Before starting an IUD

Exclude pregnancy before inserting a levonorgestrel-releasing or copper intrauterine contraceptive device (IUD), because there is a risk of harm to an undetected pregnancy.

Note: Exclude pregnancy before inserting an IUD for contraception.

Pregnancy can be excluded if the individual:

  • has not had intercourse since the start of the last regular menstrual period
  • has been consistently and correctly using a reliable method of contraception
  • is within 5 days of the start of a regular menstrual period
  • gave birth less than 21 days ago
  • had an abortion or miscarriage less than 5 days ago
  • has a negative pregnancy test and has not had unprotected intercourse in the last 21 days.

Assess the risk of a sexually transmitted infection (STI) to determine whether screening for chlamydia and gonorrhoea is indicated before or on the day of the procedure. STI screening is recommended in all individuals younger than 30 years, and those older than 30 years at risk of an STI, to avoid introducing pathogens into the upper genital tract during IUD insertion. If a clinical diagnosis of bacterial vaginosis is made at the time of insertion, treatment is recommended—see the Antibiotic guidelines for treatment regimens.

Note:

Antibiotic prophylaxis (including for prevention of infective endocarditis) is not indicated before insertion of an IUD.

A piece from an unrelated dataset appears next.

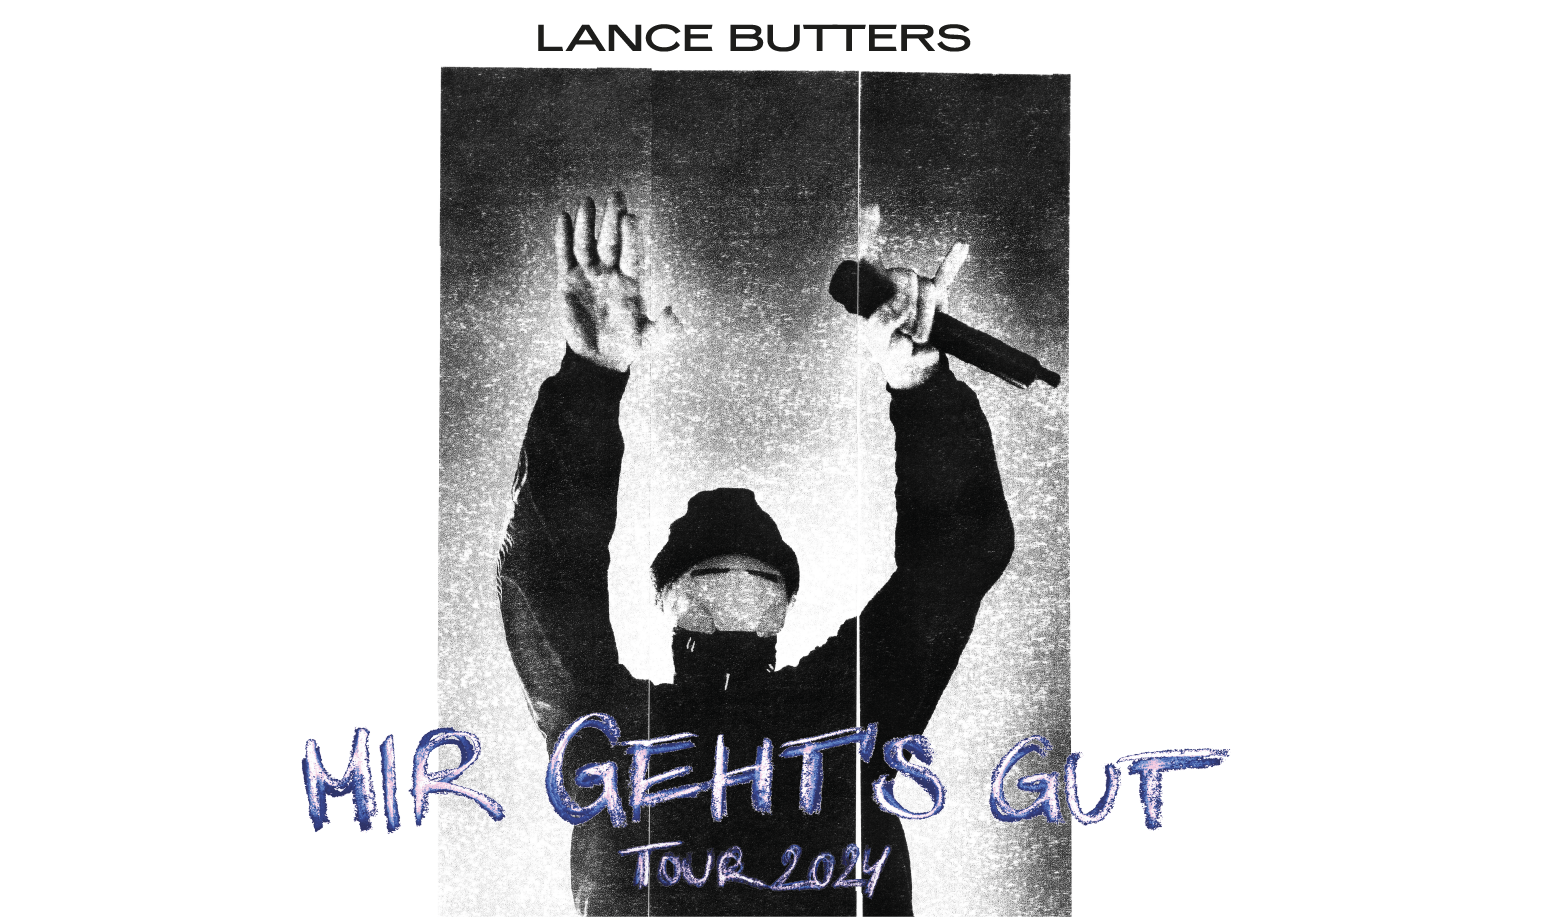 LANCE BUTTERS

Antibiotic prophylaxis is not indicated before insertion of an IUD (see Surgical prophylaxis for gynaecological surgery).

Antibiotic prophylaxis is also not required for individuals at risk of infective endocarditis (see Prevention of infective endocarditis). However, it is particularly important to investigate any abnormal vaginal discharge, pelvic pain, or abnormal bleeding before IUD insertion in individuals at risk of endocarditis; IUD insertion can proceed if infection is ruled out or treated.